Last month, according to the Washington Post, the Defense Intelligence Agency completed an analysis that concluded North Korea has successfully miniaturized a nuclear warhead. The news comes on the heels of tests conducted by the Democratic People’s Republic of Korea that demonstrated it could fire an intercontinental ballistic missile that can, theoretically, reach the continental United States. The DPRK has also successfully tested a vehicle that can survive reentry into the Earth’s atmosphere. Combine all three, and North Korea could have the capacity to deliver a nuclear warhead to a target hundreds if not thousands of miles away.

Rothman explains the threat, and the possible courses of action open to the US. None of them are good. The only one that doesn’t involve mass deaths in war is deterrence. But as Rothman says, North Korea is not the Soviet Union. The USSR may have been evil, but it was ruled by rational men. Kim Jong Un is not rational. Besides, says Rothman:

Deterrence has its own risks. With miniaturization and delivery capability, DPRK could target the tens of thousands of U.S. armed forces stationed in Japan and Korea with almost no warning. In a blinding flash, American deterrence in Northeast Asia could disappear. That’s a prospect that no American president would want to leave as his legacy.
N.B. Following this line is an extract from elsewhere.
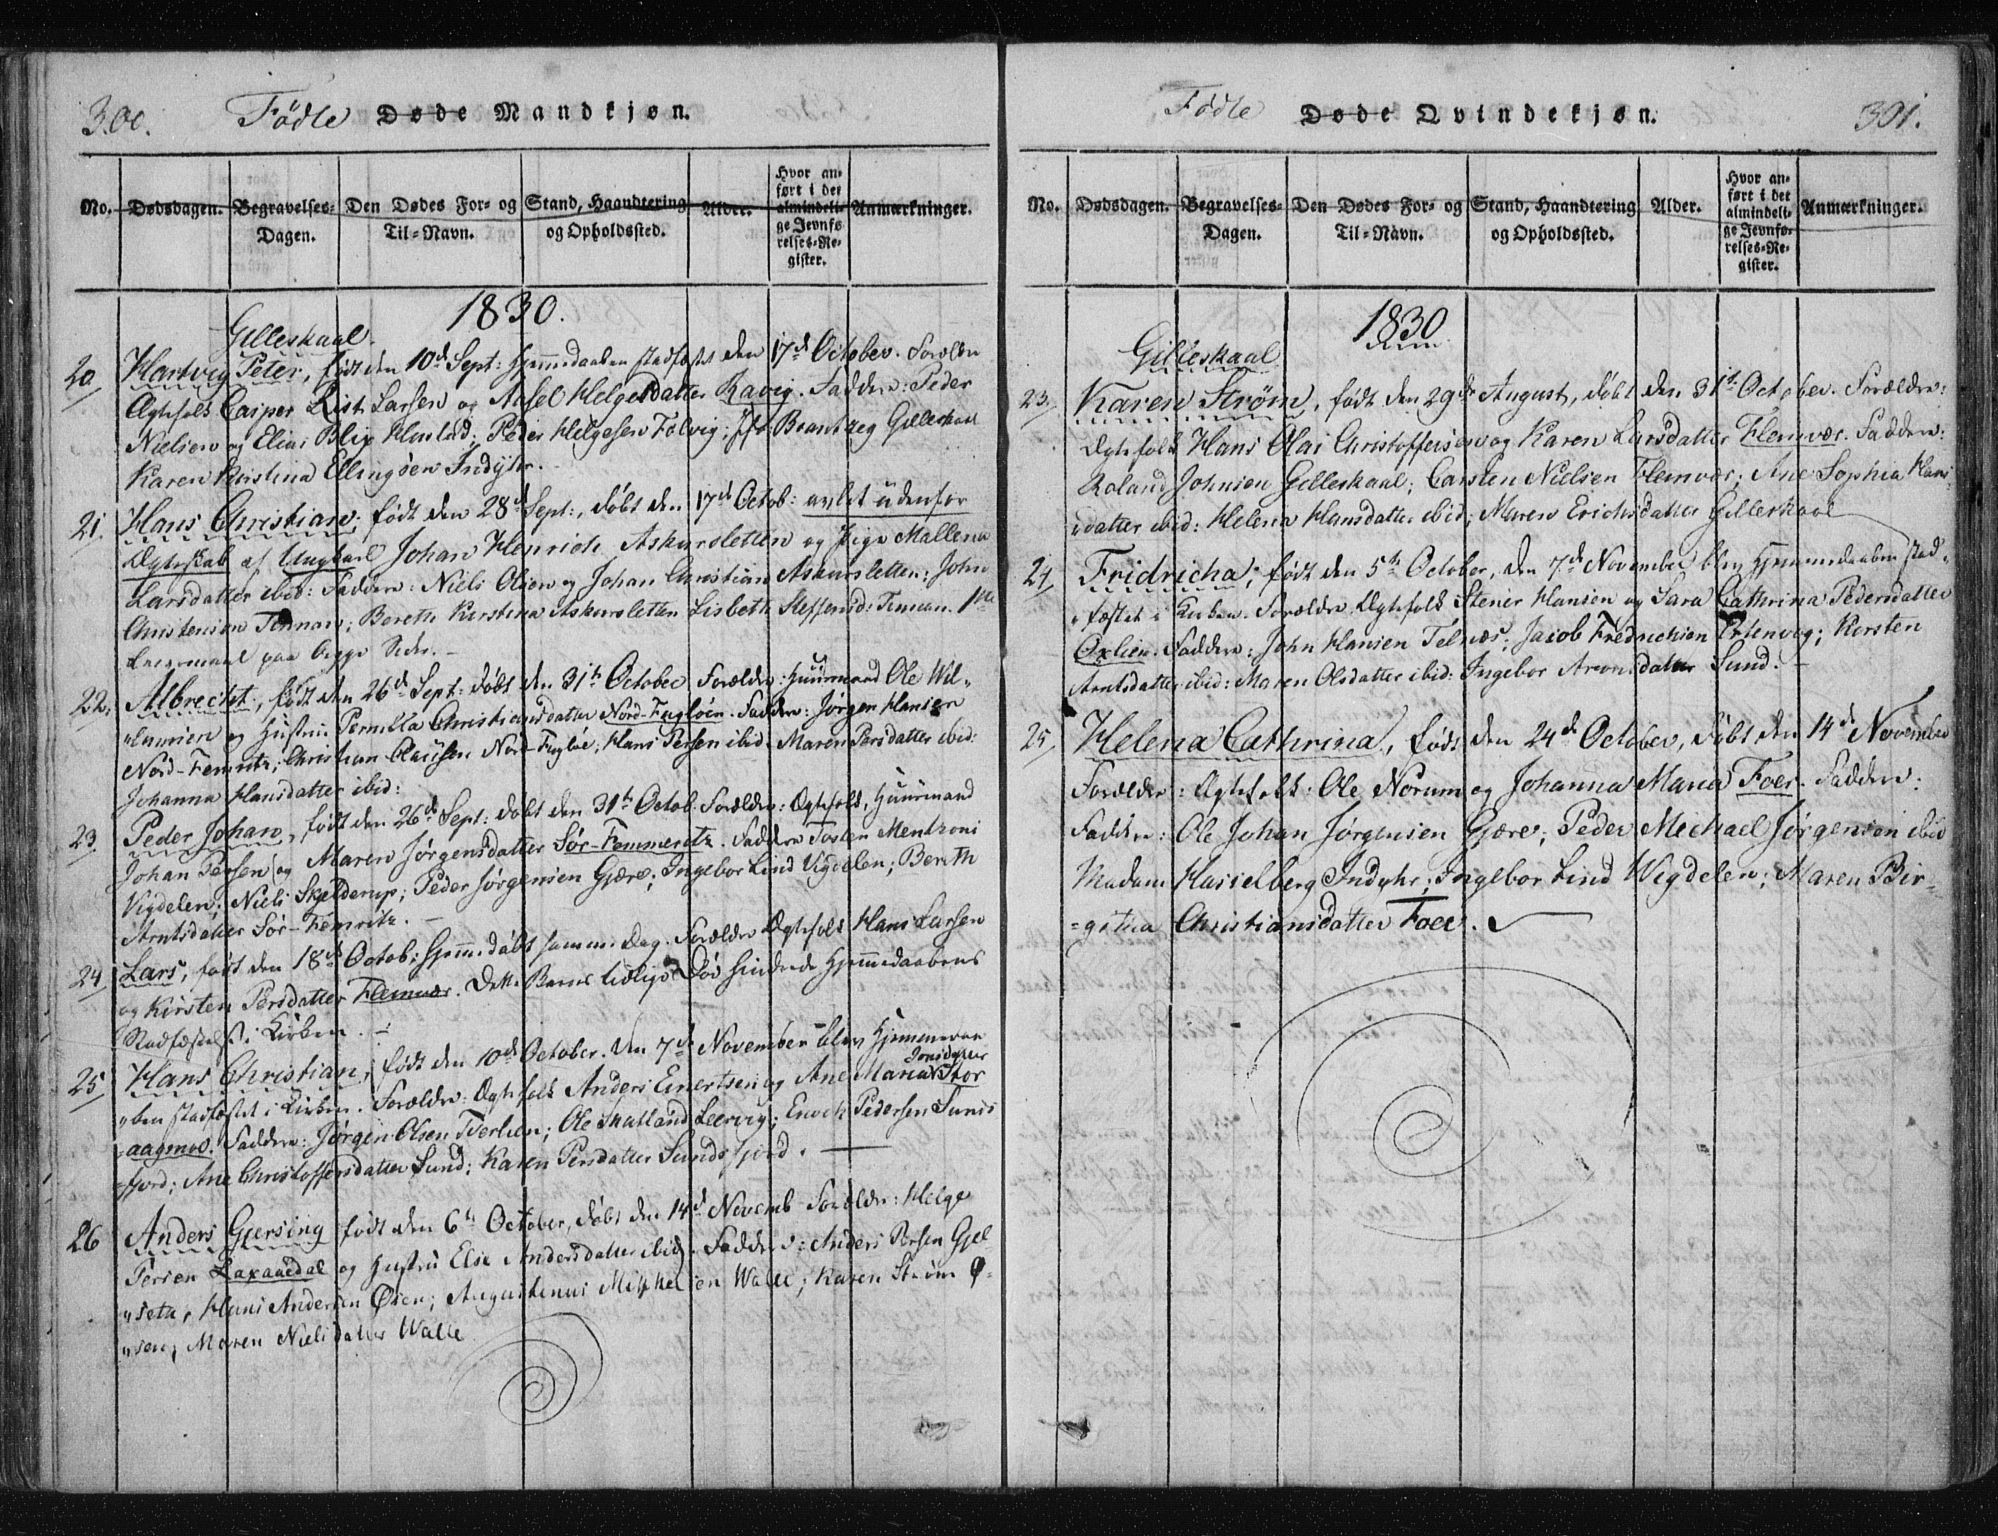 SAT, Ministerialprotokoller, klokkerbøker og fødselsregistre - Nordland, 805/L0096: Ministerialbok nr. 805A03, 1820-1837, s. 300-301

The time for good options is passed. If the DIA analysis is correct, the United States now must choose between two terrifying prospects. For decades, U.S. officials have kicked the North Korean can down the road. This is the end of the road.

Read the whole thing. It’s unnerving, but you need to read it.

I am not comforted by having a man of Donald Trump’s temperament in the White House at a moment like this. I worry about his judgment, of course, but also about his ability to rally the nation if, God forbid, we have to go to what will be the worst war since 1945. It doesn’t help him that the last time a US president took the nation into a preventive war over alleged WMDs, there were none there.

Unlike with Saddam, nobody believes North Korea is bluffing — or if they are bluffing, it’s only to buy themselves time until they develop nuclear-tipped ICBMs. Still, you have to wonder what kind of credibility the US government has with its own people in matters of war.

That said, whatever our own politics, we who pray ought to be praying hard for our president now. The pressure he’s facing regarding decisions he must soon make must be crushing. We could very quickly — very quickly — find ourselves in a situation as dangerous for the world as the Cuban Missile Crisis.